COLLECTED MATERIAL -
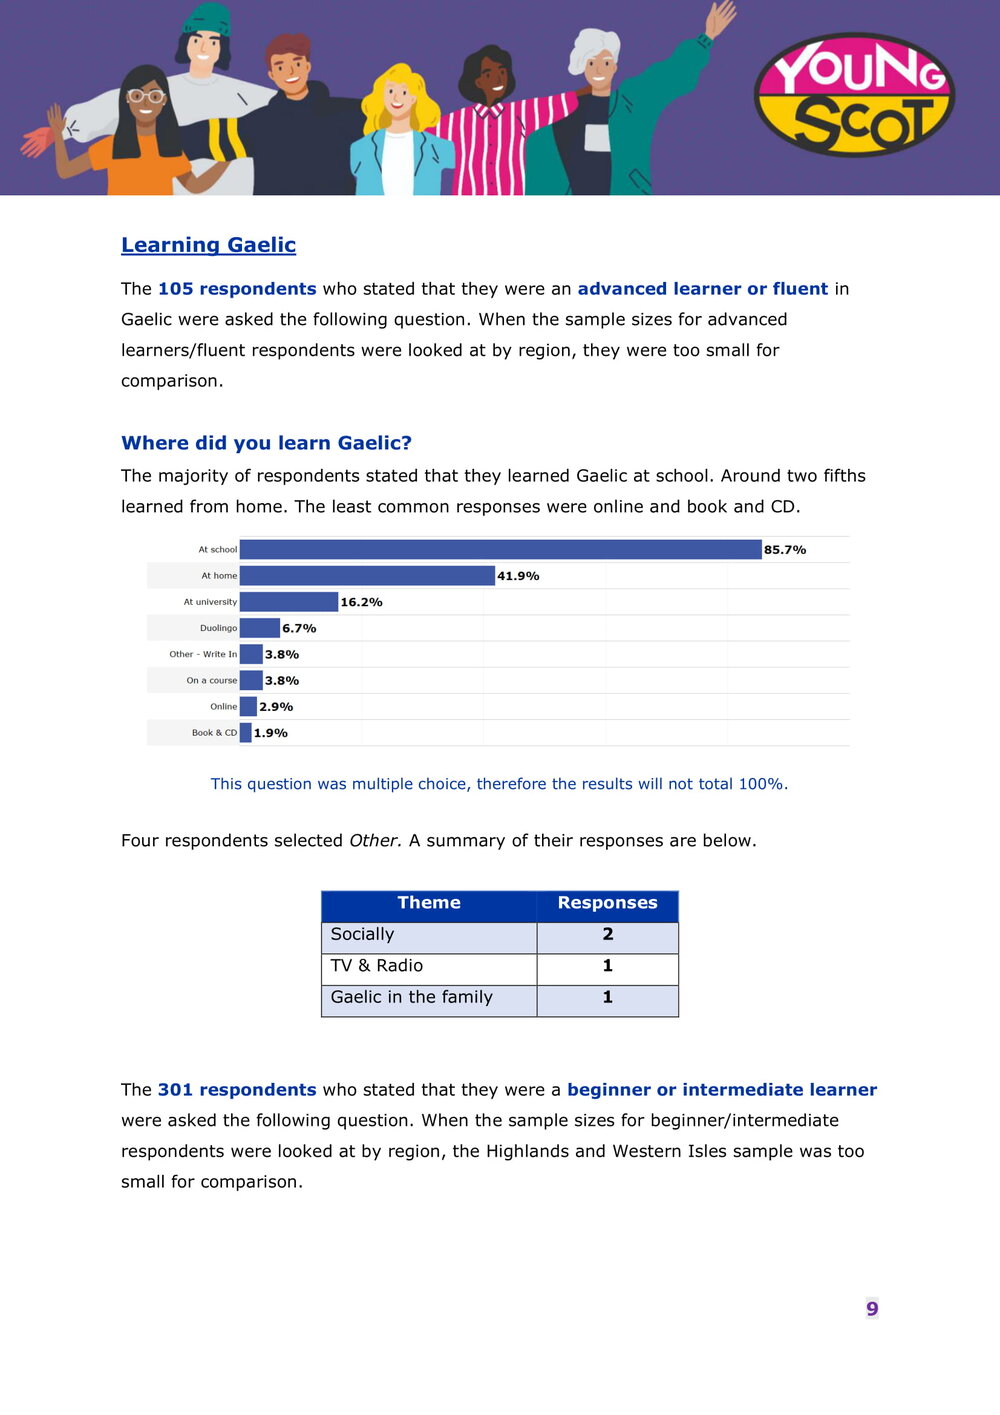 Engaging with Gaelic Online - Survey Results Report-10.jpg
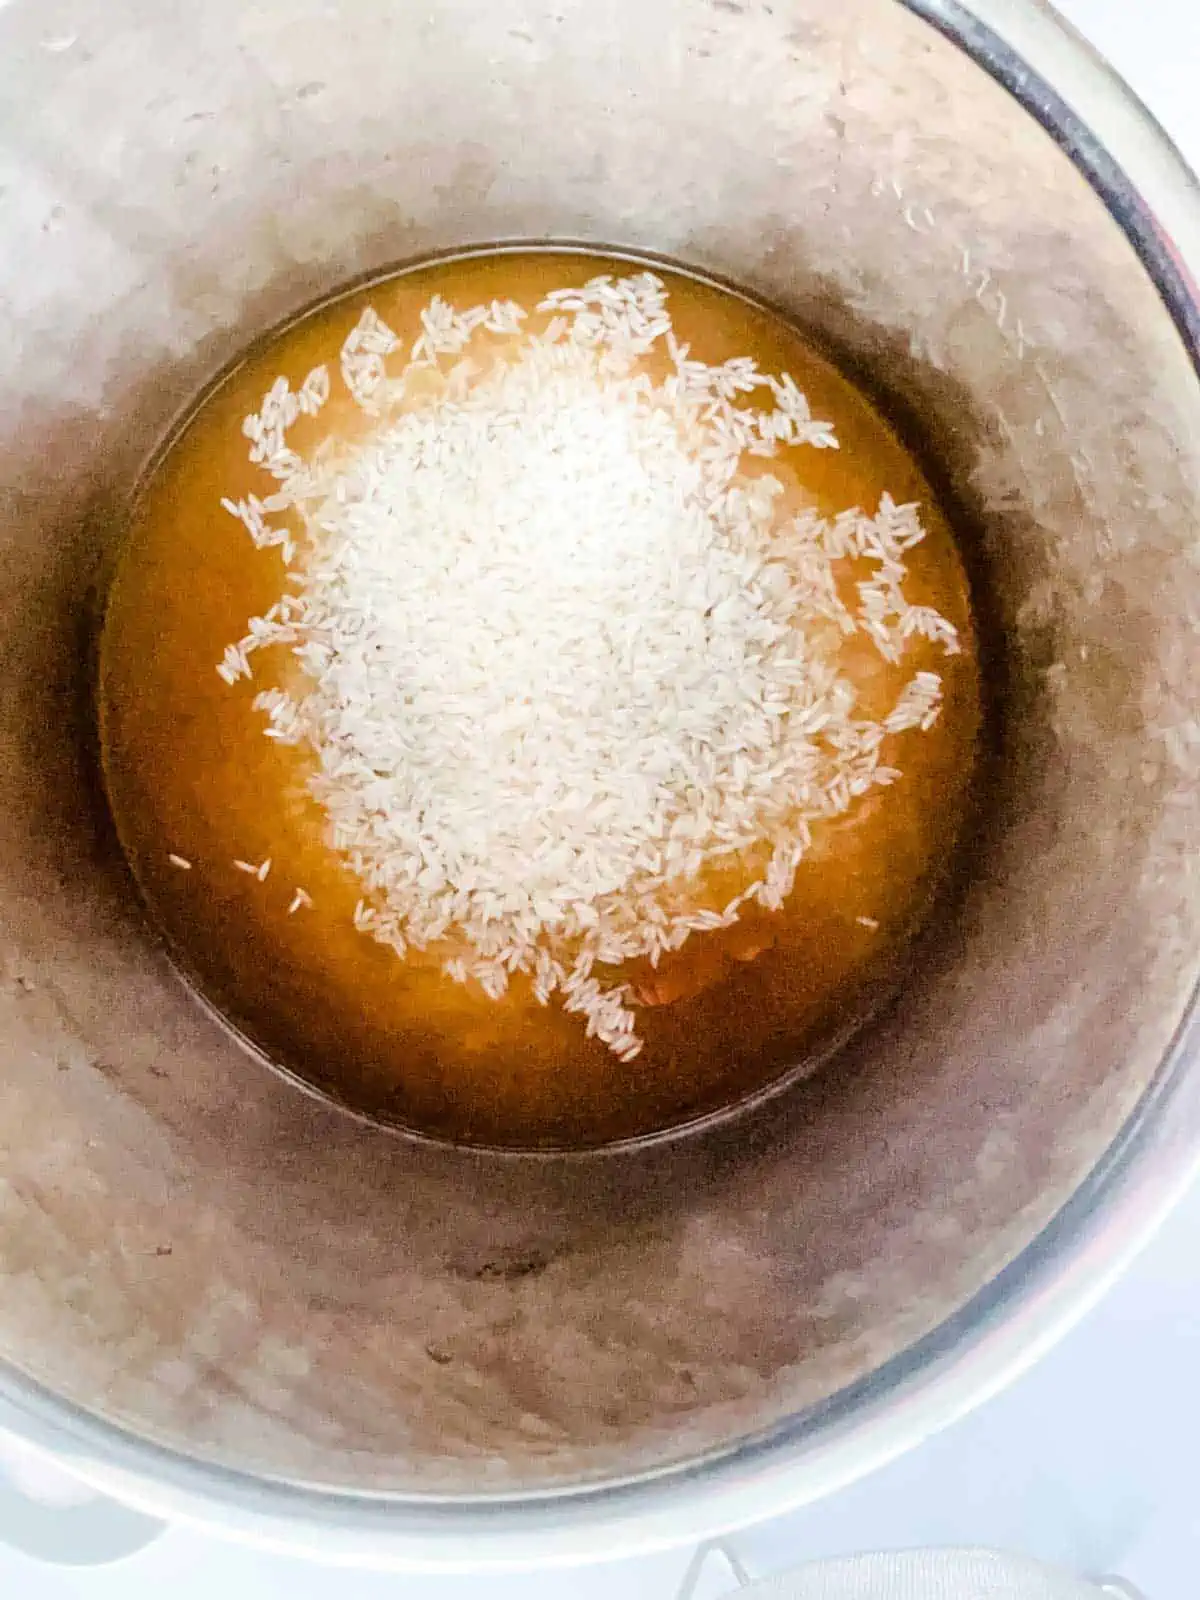 Broth and rice in and instant pot.
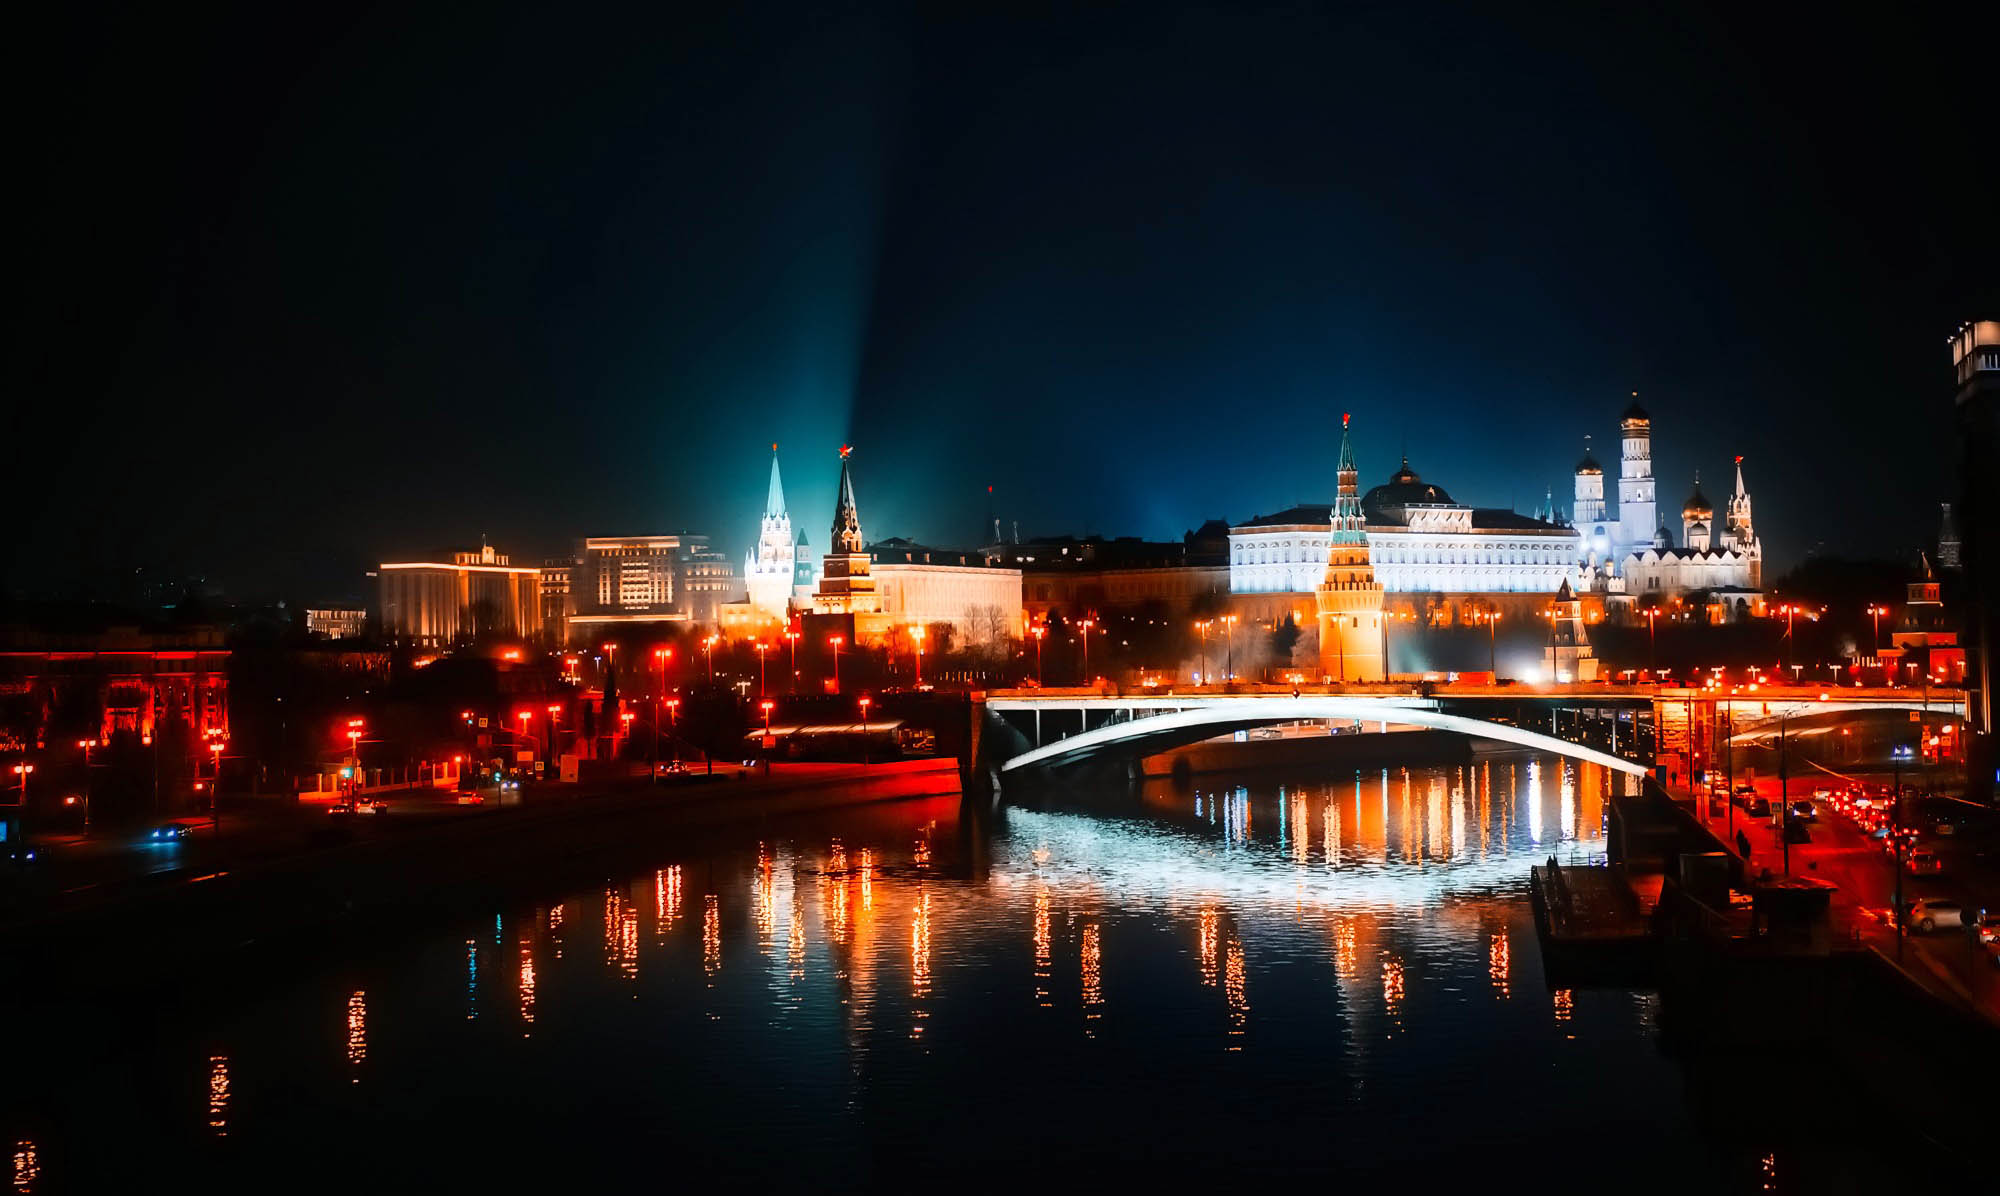 Night City View in Moscow, Russia image - Free stock photo - Public ...

WORK TO COMPLETE - Please write the material out again exactly as shown above, minus any pictures.

EXERCISE RESULT -
 Engaging with Gaelic Online - Survey Results Report-10.jpg
 Broth and rice in and instant pot.
 Night City View in Moscow, Russia image - Free stock photo - Public ...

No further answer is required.